# Data Analysis and Q&A Project Using a Local LLM

## Project Overview

This project requires you to perform a comprehensive analysis of a company's stock data using only the provided data sources and a local LLM. Your analysis should answer the following six questions strictly based on the supplied data and documents—no external data is allowed. All generated answers must be firmly based on the provided data, without any fabricated content. In addition, your logic must be clear, and any attribution of events must be causally linked.

---

## Provided Data

You will be provided with the following data sets:

#### Stock Price Data (Json format)
* Timeframe: Jan 22 to Feb 5
* Fields: Open, High, Low, Close, Volume

#### Quarterly Earnings Data for the Past Year (Json format)
* Contains key financial indicators (e.g., revenue, eps) for each quarter.

#### Full Earnings Transcript Call
* The complete transcript of the earnings call, including management discussions and Q&A.

#### Balance Sheet Data for the Past Year (Json format)
* Includes assets, liabilities, and shareholders' equity information.

#### News Articles
* Full text of 10 news articles related to the company during the analysis period.

---

## Questions
Using the provided data and a local LLM, you need to answer the following six questions:

1. What is the performance of the Tesla stock during this period (Jan 22 to Feb 5)?

2. Why did the price increase on Jan 30? Please provide potential factors.

3. Compared with previous quarters, how is the performance of this quarter?

4. With unsupervised Full Self Driving scheduled to launch in limited markets like Austin by June, what regulatory challenges does Tesla foresee for a nationwide or international rollout, and how is the company strategically preparing to address these hurdles?

5. What insights can be concluded from the earnings call?

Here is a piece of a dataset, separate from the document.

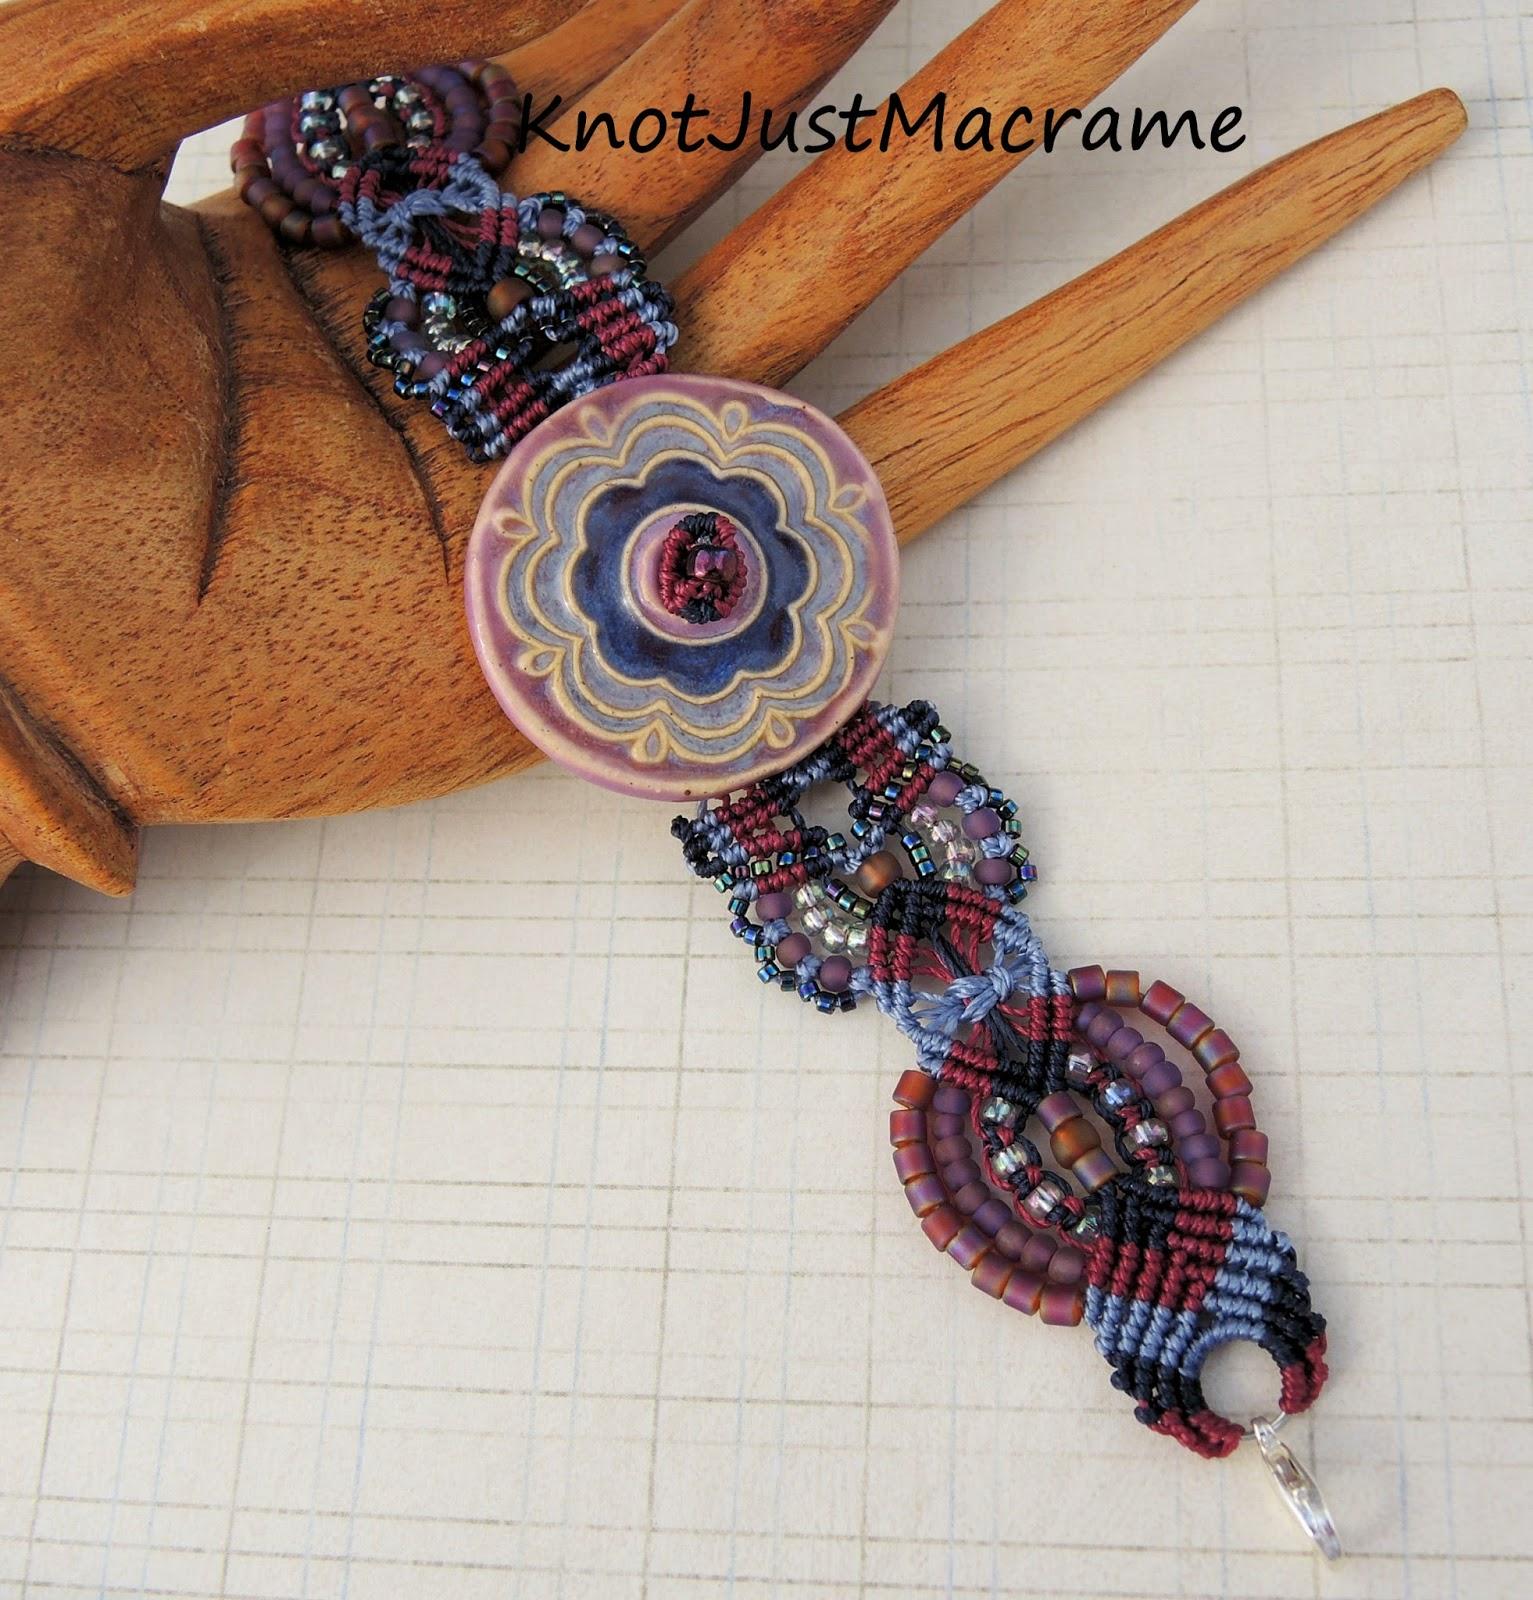 Macrame bracelet by Sherri Stokey with ceramic focal by Tracee Dock
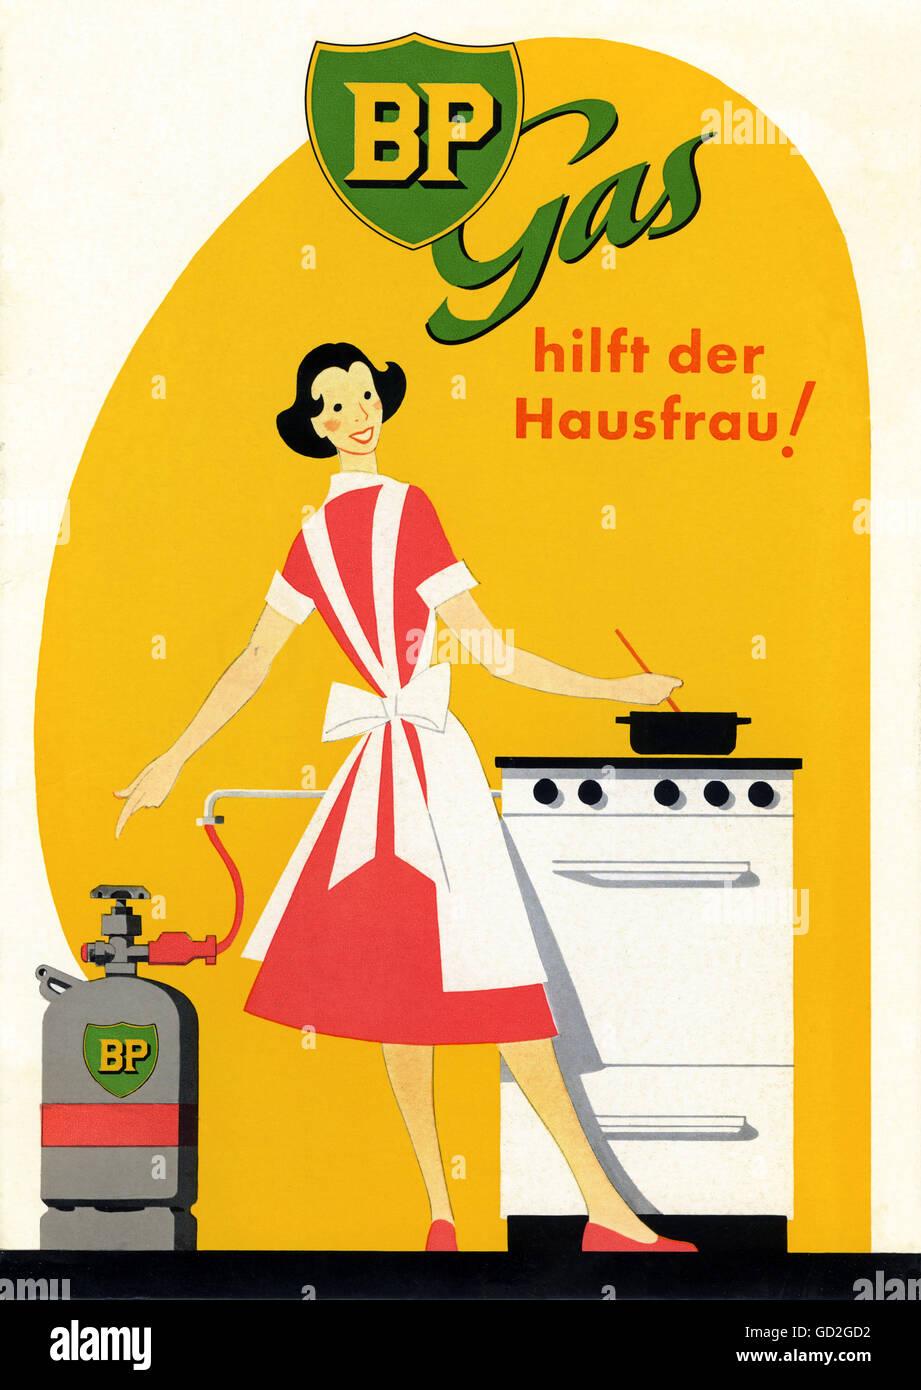 049009e72d712 La publicité, ménage, BP Gas est le helper pour chaque femme au foyer,  panneau publicitaire, femme au foyer est la cuisson à gaz avec gamme de BP,  ...

6. Which key news events influenced the stock performance, and what insights do they offer?

---

## Project Requirements
- #### Data Source Restriction:
Only use the provided data and documents. No external data or information is allowed.

- #### Answer Generation:
All generated answers must strictly be based on the provided data and documents. The LLM should not "invent" information.

- #### Clear Logic and Causal Relationships:
For each question, your answers must clearly demonstrate logical reasoning, and any attribution of cause must be explicitly linked to events in the data.

- #### Prompt Design:
You must design your own prompts for calling the local LLM to ensure that the responses are generated strictly based on the analysis results.

- #### Result Evaluation:
After generating the answers, implement an evaluation step to assess whether the responses meet the above requirements in terms of data reliance, logical clarity, and correct causation.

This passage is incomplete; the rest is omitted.